Daddy Brad: Hahaha – is this written by…

Daddy Clay: Yeah, could we go to the photo please? Photo, Troy. “Thank goodness I have my football. The candy part was pretty good. Other than that you suck. Sincerely, Coop.”

Daddy Brad: Blasting.

Daddy Clay: That’s a good example of what this h holiday can do to small children.

Daddy Brad: You’re missing the whole spirit. I think you need to plan it a little better.

Daddy Clay: The kid’s traumatized.

Daddy Brad: Maybe let him be a football player. It sounds like he likes football.

Daddy Clay: I mean, it’s just not…for some younger kids I just don’t think it’s good.

Daddy Brad: I think Halloweens a wonderful holiday. I love it. You get to dress up in things you admire and you get to go around and get candy so, I’m all for it.

Daddy Clay: Well, we hope, we hope that you have a better Halloween experience with your kids than Coop had on his last Halloween. And I’m holding out hope that he’ll have a better experience this Halloween. So what we’d like to do is run a little contest.
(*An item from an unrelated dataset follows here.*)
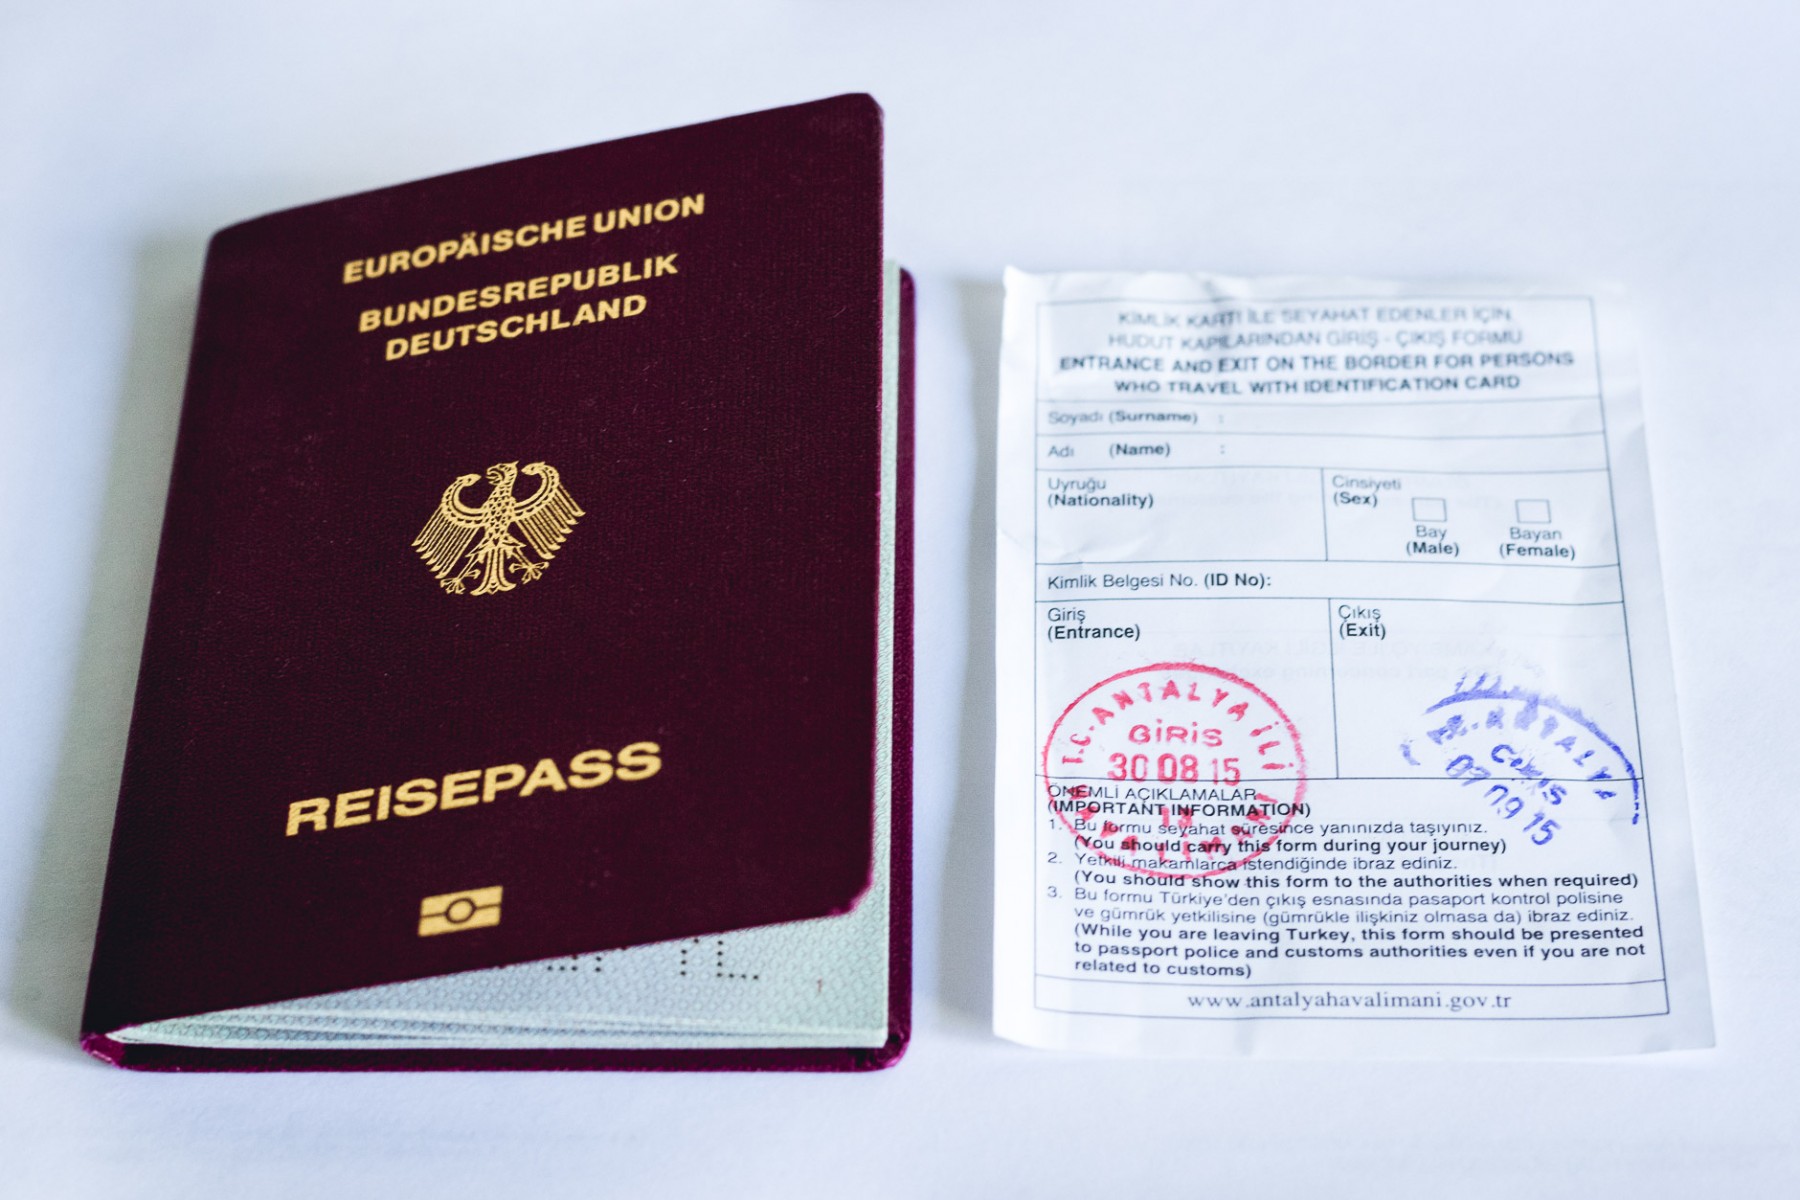 Traveling to Turkey with a Passport or an ID

Daddy Brad: Oh good, I love contests.

Daddy Clay: Daddy Brad, what we’d like for you to do – our DadLabs viewers, the beloved that you are, send us photos of your little ghouls and goblins in Halloween costumes. Do it by email, it’s probably the best way to do it. Just send it to just as an attachment. We’ll take a look at those and we’ll post a lot of them and then we’ll pick a couple of winners.

Daddy Brad: Yeah.

Daddy Clay: Runner-ups.

Daddy Brad: Runner-ups get the Due Dads series – Survival Guide to Pregnancy, Survival Guide to Labor and Delivery.

Daddy Clay: And the big winner…

Daddy Brad: Yeah, the big winner.

Daddy Clay: …gets the Red Castle Sport. This right here – it’s a baby carrier.

Daddy Brad: Whoa, that’s good.

Daddy Clay: It’s one of the classics in the male baby carrier line because this will prevent the ‘nut kick’ which is why we like it, this particular model.

Daddy Brad: Yeah. You can use it to carry about big bags of candy too. Well, happy All Hallows Eve.

Daddy Clay: Yeah, be careful. Don’t force it on your children is they don’t feel like it.

Daddy Brad: Yeah, and lets see those costumes. Dude, I think my sphincter’s leaking a little bit. You need a top off.

Daddy Clay: No thanks dude. You can keep that for your own treat.